◆ **WHAT IS BEING ASKED**: Go through the records below and copy out every line that contains the word "Images".

◆ **INFORMATION PROVIDED**:

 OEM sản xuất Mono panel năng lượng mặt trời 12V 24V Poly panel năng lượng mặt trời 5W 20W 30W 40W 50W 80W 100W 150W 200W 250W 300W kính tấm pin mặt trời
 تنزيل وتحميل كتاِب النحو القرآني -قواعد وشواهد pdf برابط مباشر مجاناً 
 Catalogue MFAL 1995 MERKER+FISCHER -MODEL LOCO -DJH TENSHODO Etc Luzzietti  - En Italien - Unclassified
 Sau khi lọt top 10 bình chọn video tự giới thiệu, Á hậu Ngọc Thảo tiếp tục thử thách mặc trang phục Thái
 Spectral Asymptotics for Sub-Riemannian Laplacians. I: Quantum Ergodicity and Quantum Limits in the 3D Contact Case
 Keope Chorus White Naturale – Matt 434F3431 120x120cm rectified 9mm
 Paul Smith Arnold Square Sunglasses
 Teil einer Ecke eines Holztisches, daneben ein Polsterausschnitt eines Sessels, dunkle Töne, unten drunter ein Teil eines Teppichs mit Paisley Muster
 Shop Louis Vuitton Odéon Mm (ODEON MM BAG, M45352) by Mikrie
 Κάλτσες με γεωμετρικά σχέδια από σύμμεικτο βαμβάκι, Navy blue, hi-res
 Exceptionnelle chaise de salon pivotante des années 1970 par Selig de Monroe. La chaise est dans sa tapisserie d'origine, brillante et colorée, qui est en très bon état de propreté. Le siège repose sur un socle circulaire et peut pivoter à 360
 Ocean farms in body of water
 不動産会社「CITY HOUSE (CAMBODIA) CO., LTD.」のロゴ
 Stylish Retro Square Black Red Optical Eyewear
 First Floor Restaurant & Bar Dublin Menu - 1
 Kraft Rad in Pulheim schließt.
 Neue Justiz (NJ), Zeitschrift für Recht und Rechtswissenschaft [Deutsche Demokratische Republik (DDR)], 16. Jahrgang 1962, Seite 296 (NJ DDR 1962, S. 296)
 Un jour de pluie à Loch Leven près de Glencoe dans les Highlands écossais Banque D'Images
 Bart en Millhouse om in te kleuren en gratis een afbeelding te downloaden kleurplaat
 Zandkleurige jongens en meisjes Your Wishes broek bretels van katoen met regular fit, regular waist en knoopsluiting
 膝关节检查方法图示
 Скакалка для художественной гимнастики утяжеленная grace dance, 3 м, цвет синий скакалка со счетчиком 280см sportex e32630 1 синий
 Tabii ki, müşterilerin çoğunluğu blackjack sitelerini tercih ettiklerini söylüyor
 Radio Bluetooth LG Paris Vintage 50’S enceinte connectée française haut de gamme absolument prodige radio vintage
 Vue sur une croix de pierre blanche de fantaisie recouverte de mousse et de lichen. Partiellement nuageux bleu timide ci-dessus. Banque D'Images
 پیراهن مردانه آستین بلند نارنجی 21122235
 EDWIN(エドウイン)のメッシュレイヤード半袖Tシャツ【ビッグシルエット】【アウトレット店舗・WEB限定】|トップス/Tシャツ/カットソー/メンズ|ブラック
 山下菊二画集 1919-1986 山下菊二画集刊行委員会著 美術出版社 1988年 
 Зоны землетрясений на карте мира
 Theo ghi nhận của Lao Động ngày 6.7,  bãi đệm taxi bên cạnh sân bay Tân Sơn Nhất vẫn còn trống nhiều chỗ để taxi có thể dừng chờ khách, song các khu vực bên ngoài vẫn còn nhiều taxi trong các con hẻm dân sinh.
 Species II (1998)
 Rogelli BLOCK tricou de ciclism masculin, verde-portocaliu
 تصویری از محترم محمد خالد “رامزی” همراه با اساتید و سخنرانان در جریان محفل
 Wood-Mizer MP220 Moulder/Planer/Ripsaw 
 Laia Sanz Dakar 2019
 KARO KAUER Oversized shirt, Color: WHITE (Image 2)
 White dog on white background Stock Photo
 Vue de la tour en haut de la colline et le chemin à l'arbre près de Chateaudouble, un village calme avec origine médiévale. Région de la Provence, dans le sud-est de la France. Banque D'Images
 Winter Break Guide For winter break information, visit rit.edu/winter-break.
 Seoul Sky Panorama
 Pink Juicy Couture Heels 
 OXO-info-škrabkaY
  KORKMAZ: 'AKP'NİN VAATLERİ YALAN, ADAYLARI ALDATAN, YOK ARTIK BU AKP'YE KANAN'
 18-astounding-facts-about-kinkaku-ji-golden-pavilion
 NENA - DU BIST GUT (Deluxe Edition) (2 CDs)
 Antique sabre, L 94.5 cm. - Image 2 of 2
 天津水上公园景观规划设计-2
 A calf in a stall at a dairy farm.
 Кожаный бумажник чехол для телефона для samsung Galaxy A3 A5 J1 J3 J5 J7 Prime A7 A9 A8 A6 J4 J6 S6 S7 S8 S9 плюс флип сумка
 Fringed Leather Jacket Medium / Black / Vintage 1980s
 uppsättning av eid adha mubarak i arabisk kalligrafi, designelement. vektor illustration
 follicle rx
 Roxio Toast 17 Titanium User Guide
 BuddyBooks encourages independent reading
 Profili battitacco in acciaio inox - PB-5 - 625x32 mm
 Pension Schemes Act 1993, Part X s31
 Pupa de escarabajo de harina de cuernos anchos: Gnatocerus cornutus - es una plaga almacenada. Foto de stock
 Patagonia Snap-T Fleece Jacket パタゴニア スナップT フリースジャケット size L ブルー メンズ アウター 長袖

◆ **EXPECTED OUTPUT**:
 Un jour de pluie à Loch Leven près de Glencoe dans les Highlands écossais Banque D'Images
 Vue sur une croix de pierre blanche de fantaisie recouverte de mousse et de lichen. Partiellement nuageux bleu timide ci-dessus. Banque D'Images
 Vue de la tour en haut de la colline et le chemin à l'arbre près de Chateaudouble, un village calme avec origine médiévale. Région de la Provence, dans le sud-est de la France. Banque D'Images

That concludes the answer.